When size does matter | Charlie Cauchi

We speak to Charlie Cauchi, organizer of the Small Cinemas conference which will this year take place in Malta over September 24-26. The conference will be rounded off with a ‘Long Table’ discussion, in the hopes of consolidating the relevant themes of small cinema cultures (such as Basque cinema and the Maltese scene) and the ‘space’ of cinema

Charlie Cauchi
Charlie Cauchi

Why did you feel that now is the right time to set up a conference like this in Malta? Were there any recent developments in the Maltese film industry (such as it is) that made you feel that the time has now come to have such a discussion?

It’s a conference that takes place in a different part of the world every year and I was approached to organize this year’s edition, having presented papers at three editions myself.

Usually you would organise a conference at your academic institution, mine being Queen Mary University of London, but because of the Small Cinemas theme and the fact that my research focuses on filmmaking in Malta, the island seemed a better fit.

Also, I think the timing is perfect – not only have the number of foreign film productions increased on the island but this year has seen the launch of the Valletta Film Festival, the introduction of an MA in Film Studies at the University of Malta and the government’s decision to present Malta’s first National Film Policy.

This all really gives the sense that it’s the right time to elevate our conversation with regards to film – not just in terms of production but also film culture and appreciation.

Glancing at the abstracts, some common elements and motifs emerge: Basque cinema, focus on architecture, the socio-political fallout of film locations, etc.
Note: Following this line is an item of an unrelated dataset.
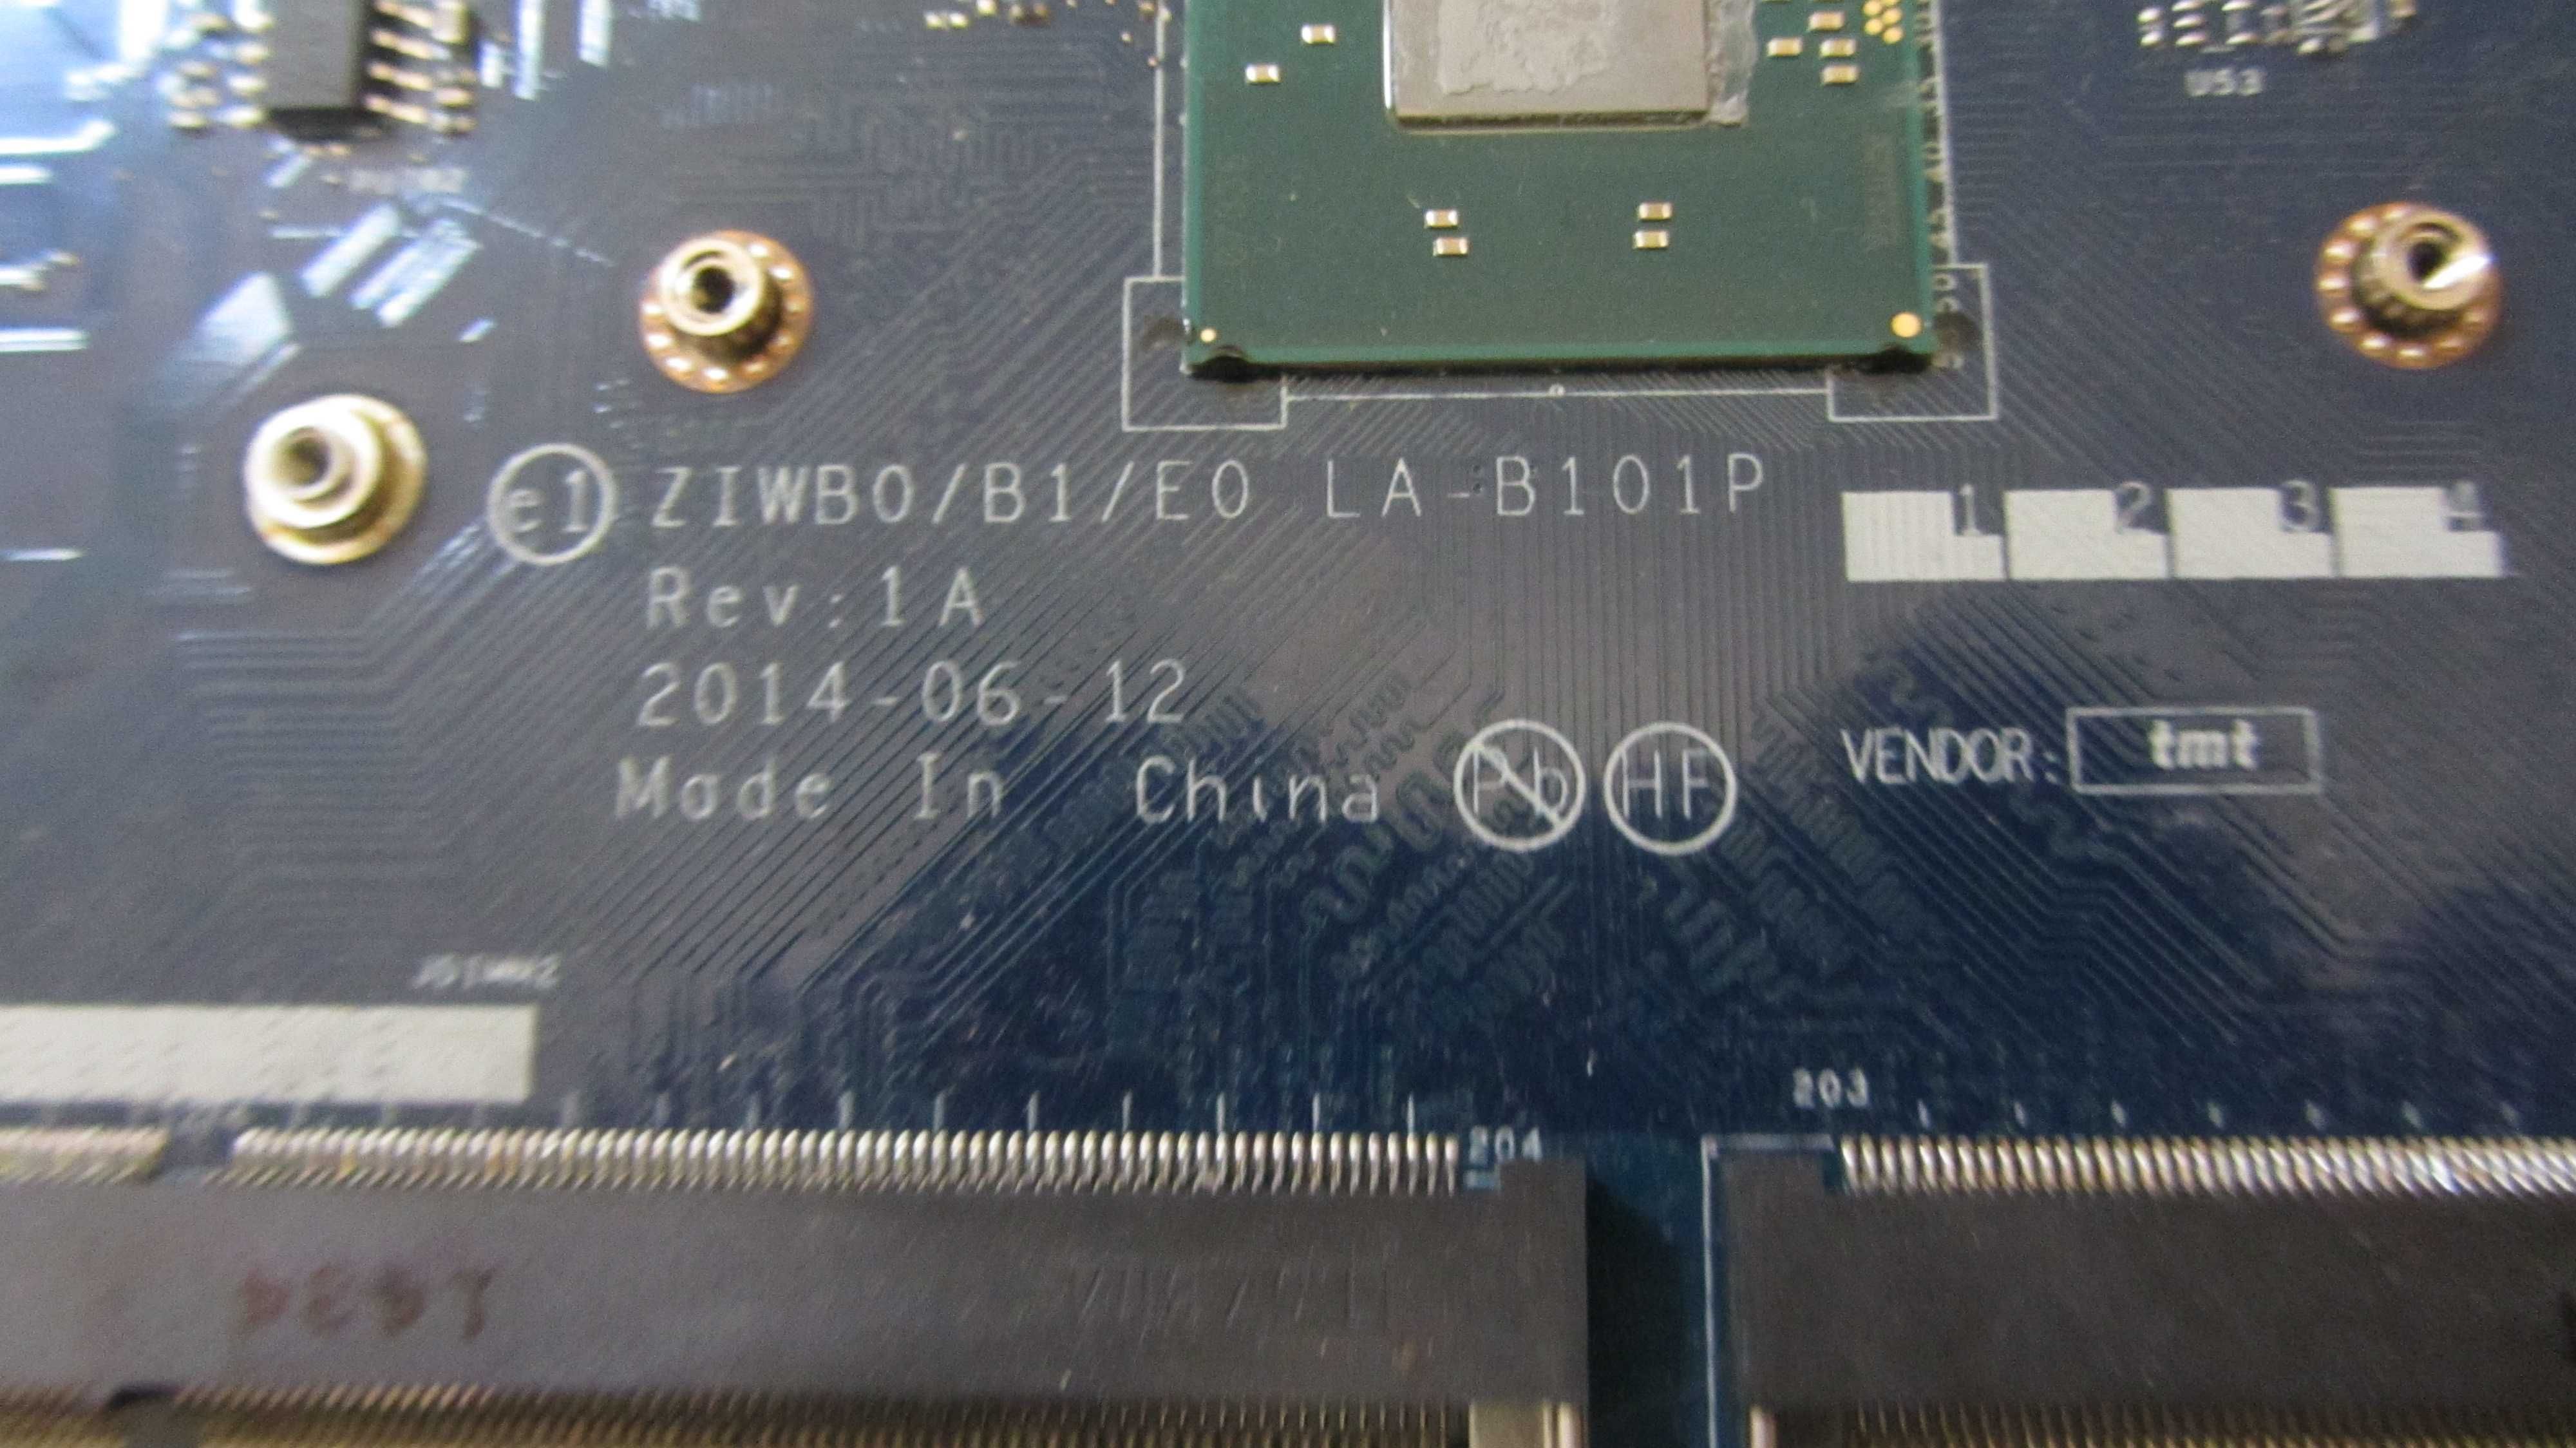 MB для ноутбука Lenovo. Ziwbo B1 E0 LA-B101P. Неробоча.

What was your focus when selecting the papers, and how do you think the conference reflects back on Malta's situation in particular?

Definitely. The Basque panel for instance is really relevant – especially in terms of producing films in a minority language. And many of the foreign speakers attending the conference are working in contexts that have similar drawback and advantages to Malta – Lithuania and Romania for instance – so it will be a good opportunity for us to be able to discuss similar issues from different perspectives.

In terms of space and architecture – Malta is renowned for its cinematic malleability, which is mainly down to our landscape. So as part of this year’s edition, we are teaming up with Architecture Project (AP) to present a series of papers and presentations around the framework of Spatial Encounters: Exploring the Meaning of Cinema in Architecture.

AP have widened the debates to discuss how the moving image has influenced the architectural production over past century. There are also a number of local presenters too, who will be tackling film from different vantage points including film finance, Malta’s cinematic representation and film festivals.

The Long Table: Do you think the concept will be ‘compatible’ to the Maltese scenario? And what are some of the topics you'd like to see addressed here?

Well, you never can tell what’s going to work and what isn’t, but I’ve seen this method used successfully in a variety of situations, with different types of audiences to discuss so many issues (Bangladeshi identity; feminism; sex and aging). And we love a good chat, right? It’s just that the framework of the conversation has been decided in advance.

Also, using Weaver’s praxis [an artist who is not only a professor in the department of drama at Queen Mary University of London and who I have worked for on her projects to do with sex and aging in New York and London] brings a fresh approach.

Some of the better discussions I’ve had through my period of research have been in living rooms, kitchen or at cafes, where the atmosphere feels less intimidating. In this context there is not one person or panel pushing one agenda – there is no hierarchy.

Everyone is invited to participate and we all bring something different to the table. It’s a less pressured and more democratic way for us to interact with each other. Also, our visiting speakers, many of whom are either from other small nations or specialise in small national cinema, will certainly be able to broaden the discussion.

Finally, what do you hope the (immediate) legacy of the conference to be? What would you wish from local industry professionals and stakeholders to take away from it?

I’d like people to be excited by film and the possibilities of film. There’s a great chance to listen to a range of ideas and views and to transnationalise our debates.

Through the Long Table I hope people are given the chance to learn from each other, foster local and international alliances and exchange ideas and experiences in a friendly setting.